_WHAT YOU HAVE TO DO:_ Set down all the entries again, word for word.

──────── STORED DATA ────────

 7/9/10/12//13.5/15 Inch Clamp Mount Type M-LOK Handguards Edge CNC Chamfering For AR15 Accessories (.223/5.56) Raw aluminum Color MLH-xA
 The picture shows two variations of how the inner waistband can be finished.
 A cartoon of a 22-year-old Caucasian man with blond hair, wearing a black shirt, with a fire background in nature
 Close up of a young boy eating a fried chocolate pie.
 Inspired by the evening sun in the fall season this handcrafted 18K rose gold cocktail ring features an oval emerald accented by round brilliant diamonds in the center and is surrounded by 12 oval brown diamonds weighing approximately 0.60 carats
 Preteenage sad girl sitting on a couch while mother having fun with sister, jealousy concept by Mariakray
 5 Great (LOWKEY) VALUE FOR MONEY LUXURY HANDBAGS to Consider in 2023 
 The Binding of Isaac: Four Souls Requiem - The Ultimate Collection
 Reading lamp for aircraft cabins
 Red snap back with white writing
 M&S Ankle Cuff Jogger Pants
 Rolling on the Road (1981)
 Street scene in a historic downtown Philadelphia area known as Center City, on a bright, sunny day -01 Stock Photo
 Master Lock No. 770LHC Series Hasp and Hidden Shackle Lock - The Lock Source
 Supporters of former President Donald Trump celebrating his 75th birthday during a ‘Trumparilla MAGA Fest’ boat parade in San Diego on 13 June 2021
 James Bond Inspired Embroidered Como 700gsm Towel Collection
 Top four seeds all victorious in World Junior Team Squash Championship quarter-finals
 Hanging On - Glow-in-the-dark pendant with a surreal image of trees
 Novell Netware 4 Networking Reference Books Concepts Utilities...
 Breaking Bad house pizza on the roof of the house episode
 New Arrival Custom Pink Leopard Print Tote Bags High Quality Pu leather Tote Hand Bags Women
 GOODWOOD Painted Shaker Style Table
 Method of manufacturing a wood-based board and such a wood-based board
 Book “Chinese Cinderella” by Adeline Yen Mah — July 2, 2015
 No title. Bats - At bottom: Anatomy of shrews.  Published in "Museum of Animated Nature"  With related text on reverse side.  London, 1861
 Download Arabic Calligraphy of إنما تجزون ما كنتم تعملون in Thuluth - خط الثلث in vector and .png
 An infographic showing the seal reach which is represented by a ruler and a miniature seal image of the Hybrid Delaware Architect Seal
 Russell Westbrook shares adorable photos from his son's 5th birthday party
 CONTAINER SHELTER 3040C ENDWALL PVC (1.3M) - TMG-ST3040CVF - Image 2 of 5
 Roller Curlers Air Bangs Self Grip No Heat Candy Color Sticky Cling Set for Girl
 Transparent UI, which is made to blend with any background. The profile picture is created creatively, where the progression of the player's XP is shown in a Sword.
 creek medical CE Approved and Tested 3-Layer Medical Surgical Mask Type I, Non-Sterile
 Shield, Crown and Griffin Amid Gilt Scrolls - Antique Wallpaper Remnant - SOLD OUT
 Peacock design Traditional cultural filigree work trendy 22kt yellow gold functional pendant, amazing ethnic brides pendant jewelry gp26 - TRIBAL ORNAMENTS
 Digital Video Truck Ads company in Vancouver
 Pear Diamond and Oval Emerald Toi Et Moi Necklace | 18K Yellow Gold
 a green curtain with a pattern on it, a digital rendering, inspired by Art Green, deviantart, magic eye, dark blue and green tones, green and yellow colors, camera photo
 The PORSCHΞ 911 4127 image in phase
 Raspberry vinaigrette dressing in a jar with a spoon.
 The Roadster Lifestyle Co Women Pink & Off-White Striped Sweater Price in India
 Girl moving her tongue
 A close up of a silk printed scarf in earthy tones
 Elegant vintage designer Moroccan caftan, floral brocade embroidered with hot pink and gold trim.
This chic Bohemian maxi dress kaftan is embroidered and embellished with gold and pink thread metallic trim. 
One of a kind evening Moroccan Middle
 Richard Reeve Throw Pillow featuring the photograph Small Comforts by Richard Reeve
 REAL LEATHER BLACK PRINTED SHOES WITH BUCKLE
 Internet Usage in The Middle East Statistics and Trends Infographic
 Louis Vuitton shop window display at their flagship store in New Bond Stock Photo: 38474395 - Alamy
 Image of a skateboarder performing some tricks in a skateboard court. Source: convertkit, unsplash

────────

_OUTPUT:_
 7/9/10/12//13.5/15 Inch Clamp Mount Type M-LOK Handguards Edge CNC Chamfering For AR15 Accessories (.223/5.56) Raw aluminum Color MLH-xA
 The picture shows two variations of how the inner waistband can be finished.
 A cartoon of a 22-year-old Caucasian man with blond hair, wearing a black shirt, with a fire background in nature
 Close up of a young boy eating a fried chocolate pie.
 Inspired by the evening sun in the fall season this handcrafted 18K rose gold cocktail ring features an oval emerald accented by round brilliant diamonds in the center and is surrounded by 12 oval brown diamonds weighing approximately 0.60 carats
 Preteenage sad girl sitting on a couch while mother having fun with sister, jealousy concept by Mariakray
 5 Great (LOWKEY) VALUE FOR MONEY LUXURY HANDBAGS to Consider in 2023 
 The Binding of Isaac: Four Souls Requiem - The Ultimate Collection
 Reading lamp for aircraft cabins
 Red snap back with white writing
 M&S Ankle Cuff Jogger Pants
 Rolling on the Road (1981)
 Street scene in a historic downtown Philadelphia area known as Center City, on a bright, sunny day -01 Stock Photo
 Master Lock No. 770LHC Series Hasp and Hidden Shackle Lock - The Lock Source
 Supporters of former President Donald Trump celebrating his 75th birthday during a ‘Trumparilla MAGA Fest’ boat parade in San Diego on 13 June 2021
 James Bond Inspired Embroidered Como 700gsm Towel Collection
 Top four seeds all victorious in World Junior Team Squash Championship quarter-finals
 Hanging On - Glow-in-the-dark pendant with a surreal image of trees
 Novell Netware 4 Networking Reference Books Concepts Utilities...
 Breaking Bad house pizza on the roof of the house episode
 New Arrival Custom Pink Leopard Print Tote Bags High Quality Pu leather Tote Hand Bags Women
 GOODWOOD Painted Shaker Style Table
 Method of manufacturing a wood-based board and such a wood-based board
 Book “Chinese Cinderella” by Adeline Yen Mah — July 2, 2015
 No title. Bats - At bottom: Anatomy of shrews.  Published in "Museum of Animated Nature"  With related text on reverse side.  London, 1861
 Download Arabic Calligraphy of إنما تجزون ما كنتم تعملون in Thuluth - خط الثلث in vector and .png
 An infographic showing the seal reach which is represented by a ruler and a miniature seal image of the Hybrid Delaware Architect Seal
 Russell Westbrook shares adorable photos from his son's 5th birthday party
 CONTAINER SHELTER 3040C ENDWALL PVC (1.3M) - TMG-ST3040CVF - Image 2 of 5
 Roller Curlers Air Bangs Self Grip No Heat Candy Color Sticky Cling Set for Girl
 Transparent UI, which is made to blend with any background. The profile picture is created creatively, where the progression of the player's XP is shown in a Sword.
 creek medical CE Approved and Tested 3-Layer Medical Surgical Mask Type I, Non-Sterile
 Shield, Crown and Griffin Amid Gilt Scrolls - Antique Wallpaper Remnant - SOLD OUT
 Peacock design Traditional cultural filigree work trendy 22kt yellow gold functional pendant, amazing ethnic brides pendant jewelry gp26 - TRIBAL ORNAMENTS
 Digital Video Truck Ads company in Vancouver
 Pear Diamond and Oval Emerald Toi Et Moi Necklace | 18K Yellow Gold
 a green curtain with a pattern on it, a digital rendering, inspired by Art Green, deviantart, magic eye, dark blue and green tones, green and yellow colors, camera photo
 The PORSCHΞ 911 4127 image in phase
 Raspberry vinaigrette dressing in a jar with a spoon.
 The Roadster Lifestyle Co Women Pink & Off-White Striped Sweater Price in India
 Girl moving her tongue
 A close up of a silk printed scarf in earthy tones
 Elegant vintage designer Moroccan caftan, floral brocade embroidered with hot pink and gold trim.
This chic Bohemian maxi dress kaftan is embroidered and embellished with gold and pink thread metallic trim. 
One of a kind evening Moroccan Middle
 Richard Reeve Throw Pillow featuring the photograph Small Comforts by Richard Reeve
 REAL LEATHER BLACK PRINTED SHOES WITH BUCKLE
 Internet Usage in The Middle East Statistics and Trends Infographic
 Louis Vuitton shop window display at their flagship store in New Bond Stock Photo: 38474395 - Alamy
 Image of a skateboarder performing some tricks in a skateboard court. Source: convertkit, unsplash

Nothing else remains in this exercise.